▸ Exercise data:

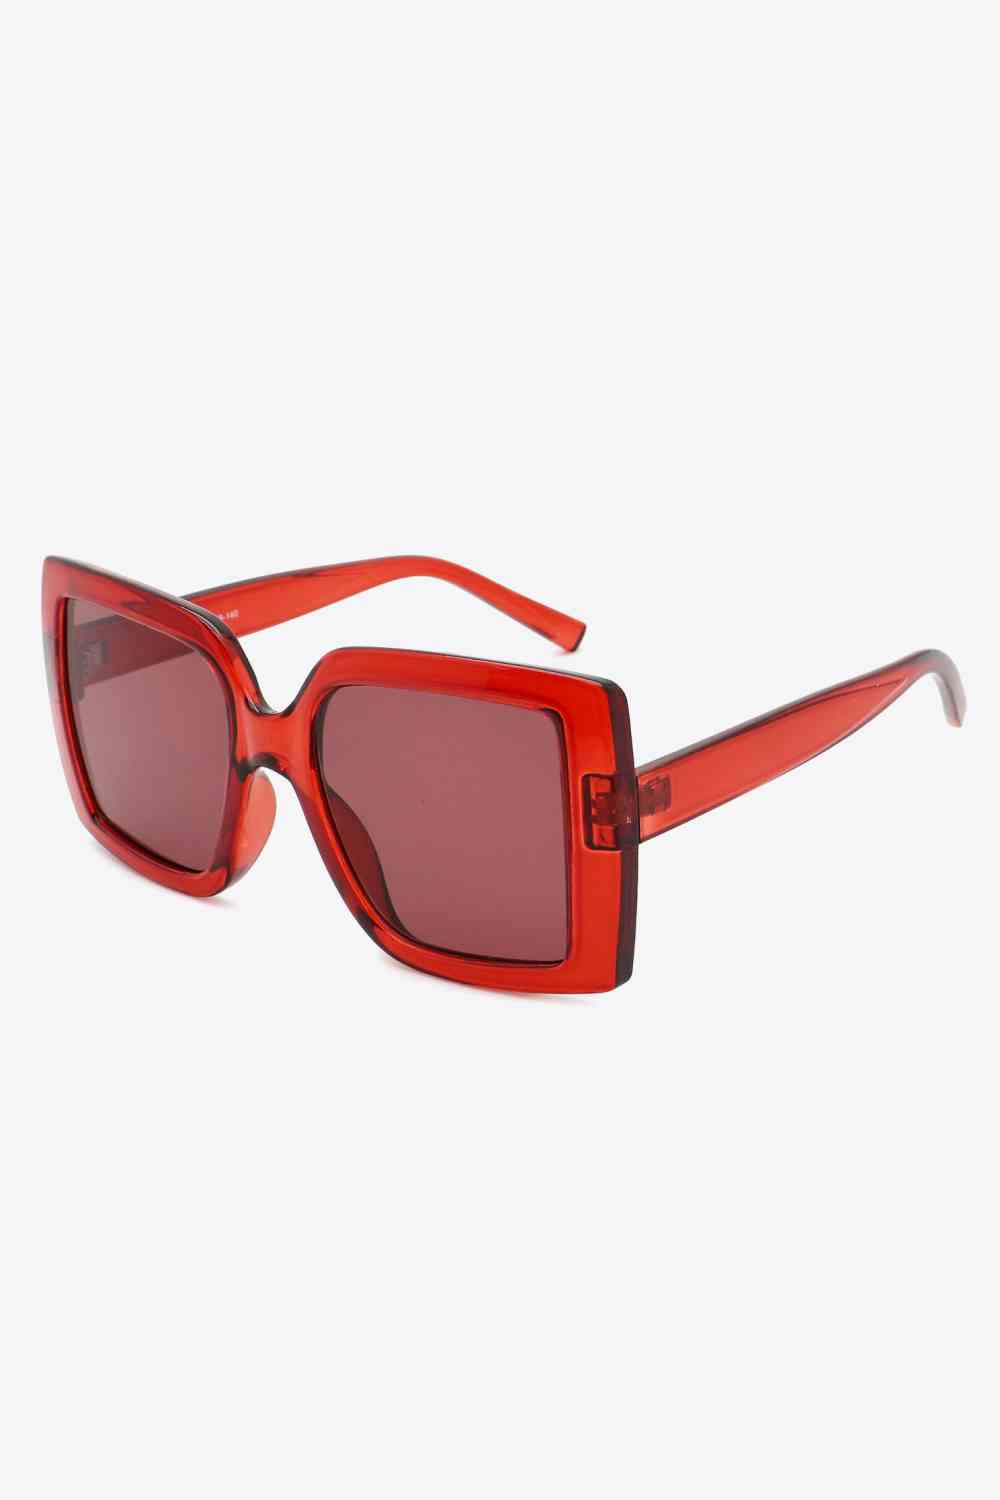 TEEK - Deep Red Square Sunglasses EYEGLASSES TEEK Trend   
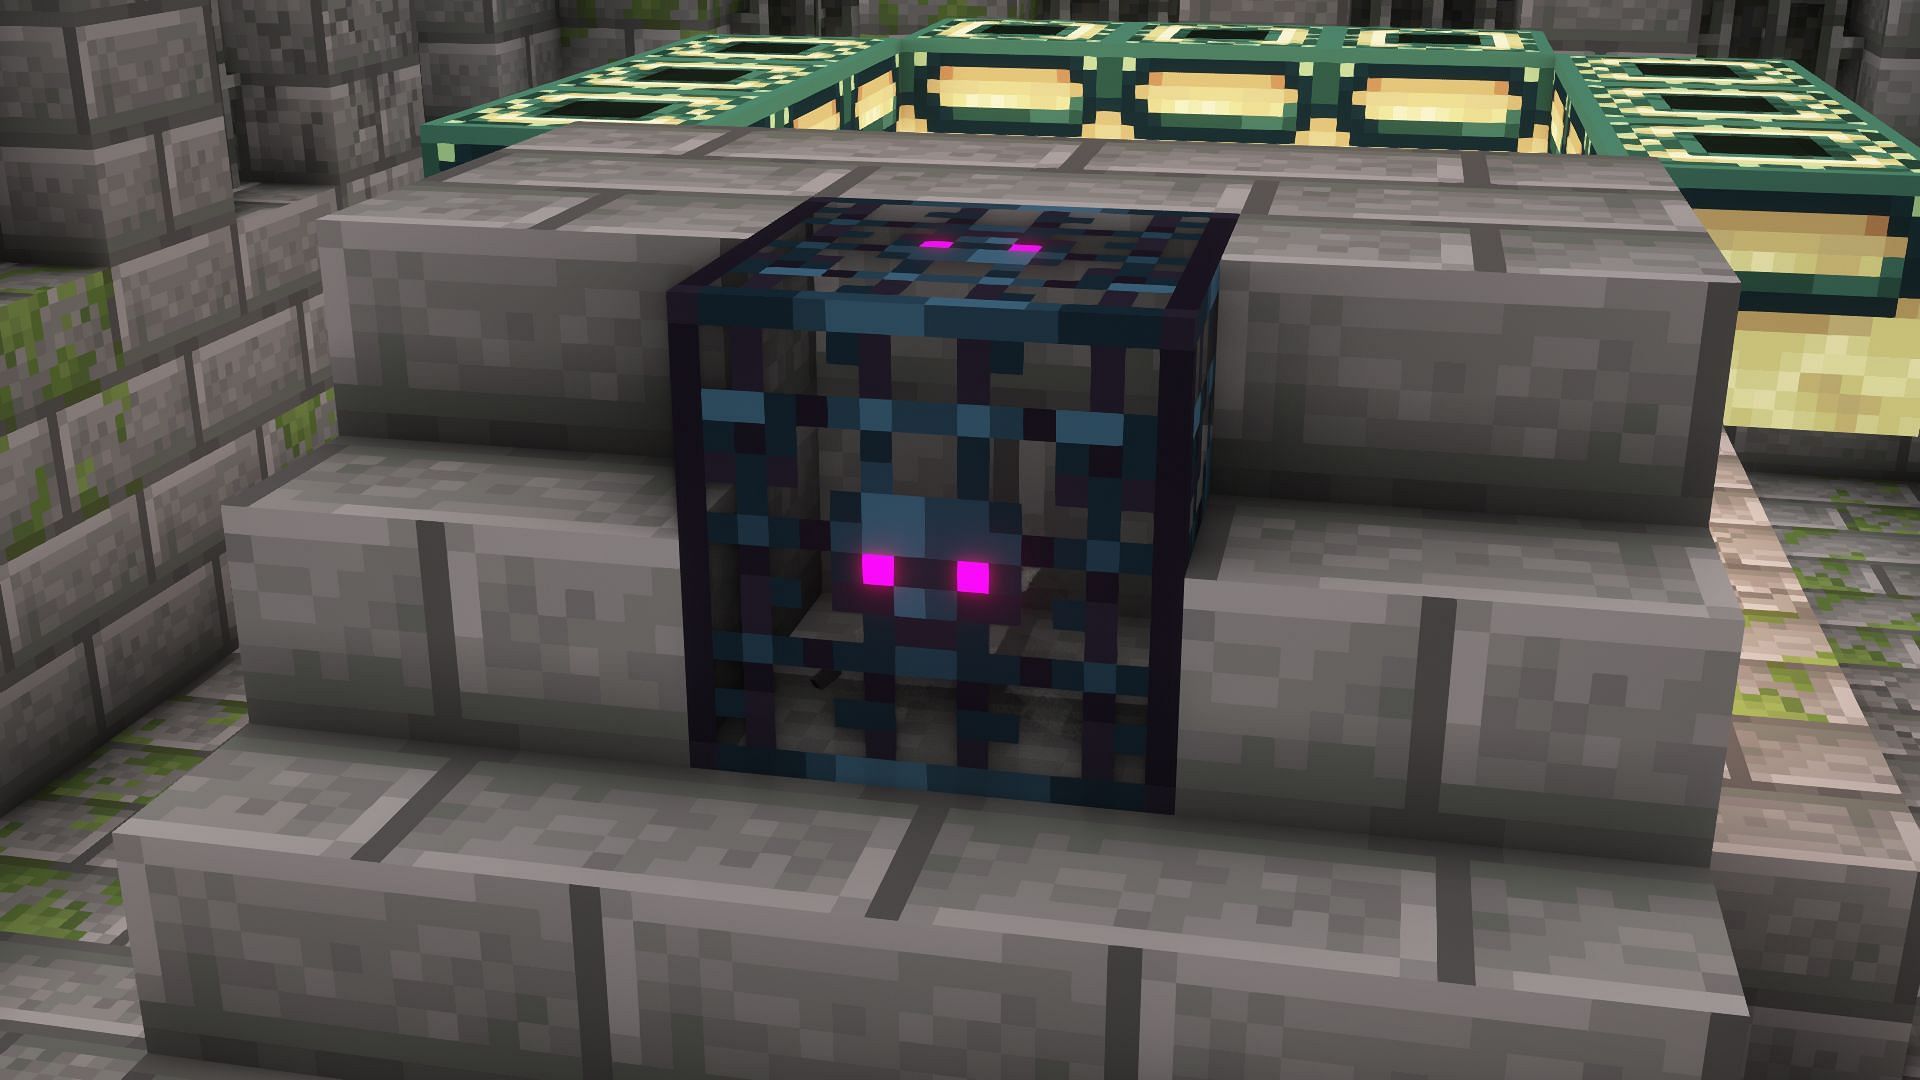 A silverfish spawner in Minecraft (Image via Mojang)
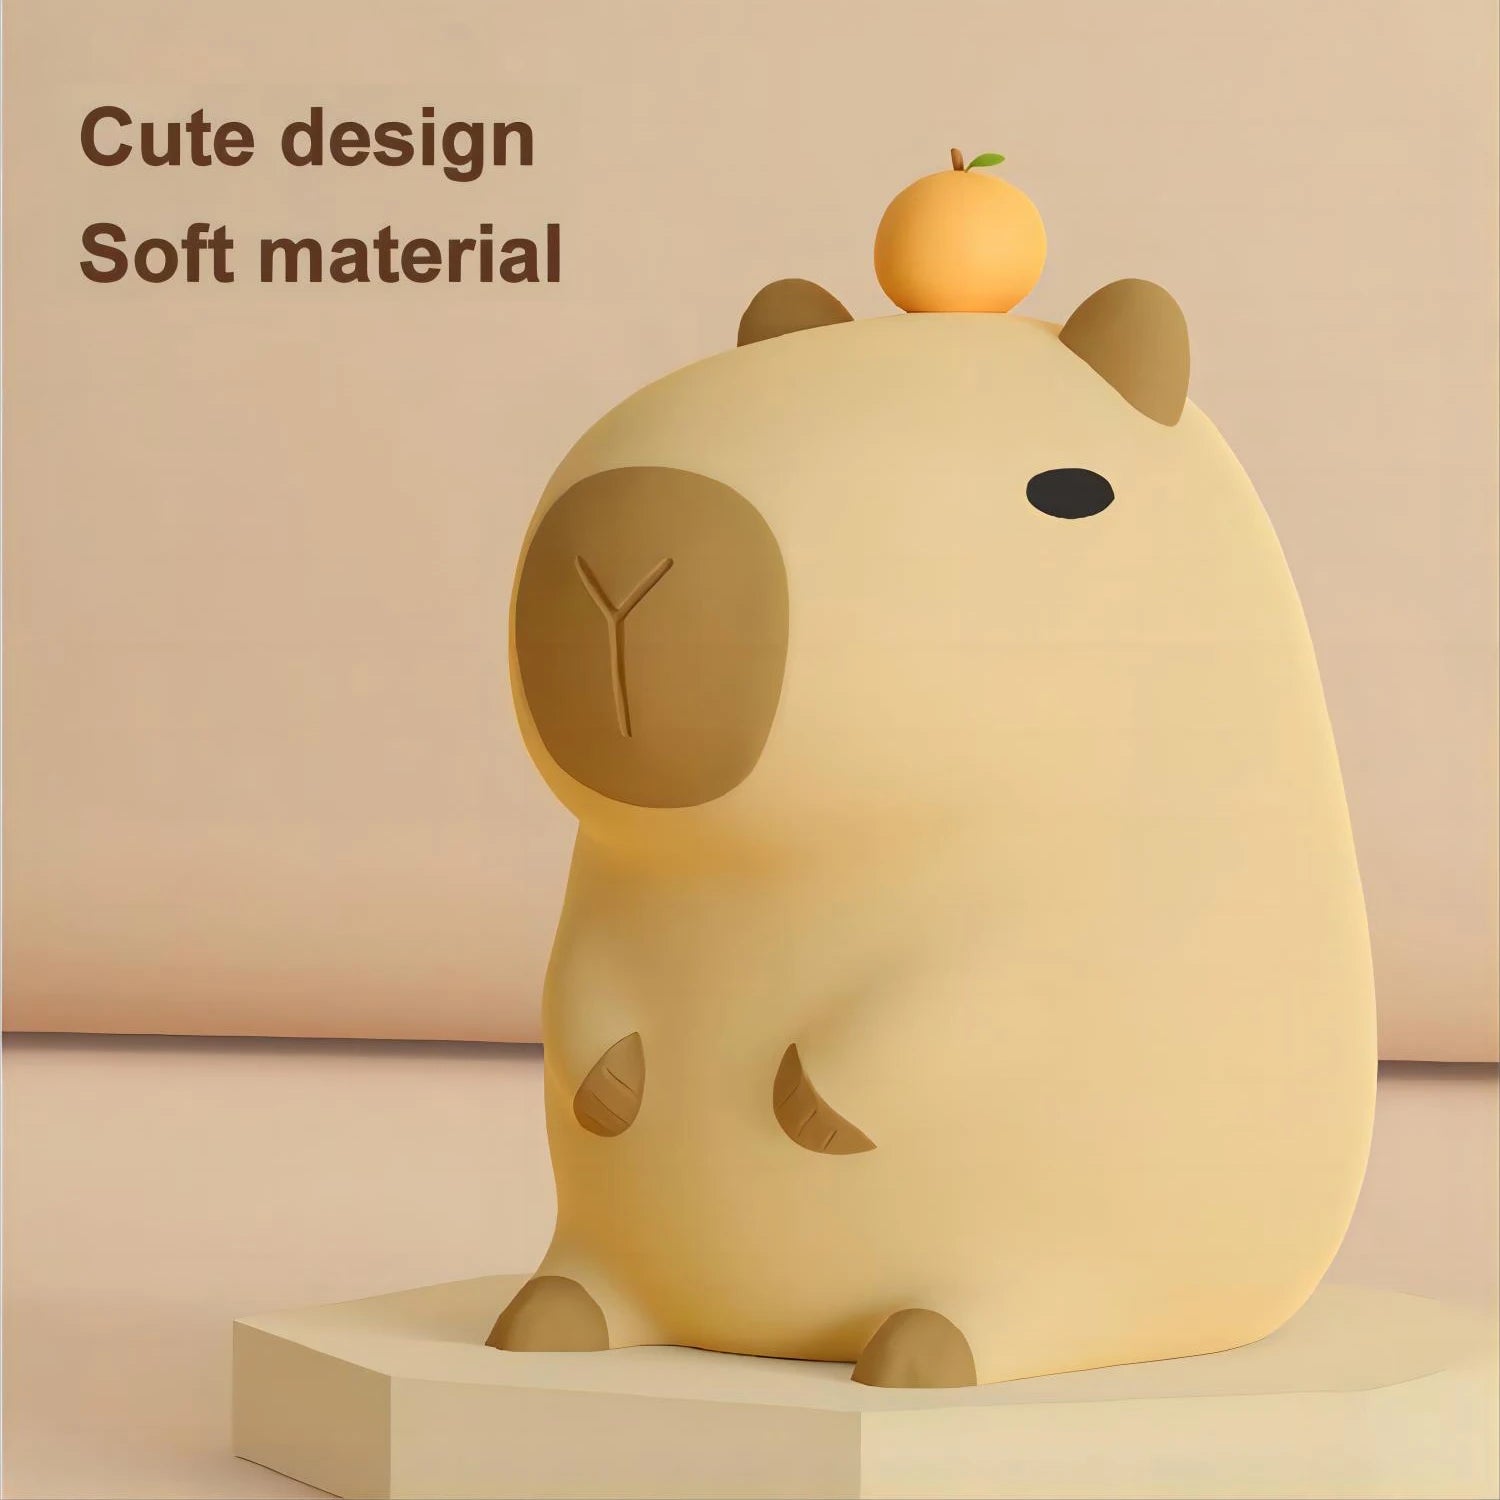 Cute Cartoon Capybara USB Rechargeable Night Light

▸ Work order:
Each line of the data is to be duplicated exactly; pictures stay out of the copy.

▸ Exercise solution:
 TEEK - Deep Red Square Sunglasses EYEGLASSES TEEK Trend   
 A silverfish spawner in Minecraft (Image via Mojang)
 Cute Cartoon Capybara USB Rechargeable Night Light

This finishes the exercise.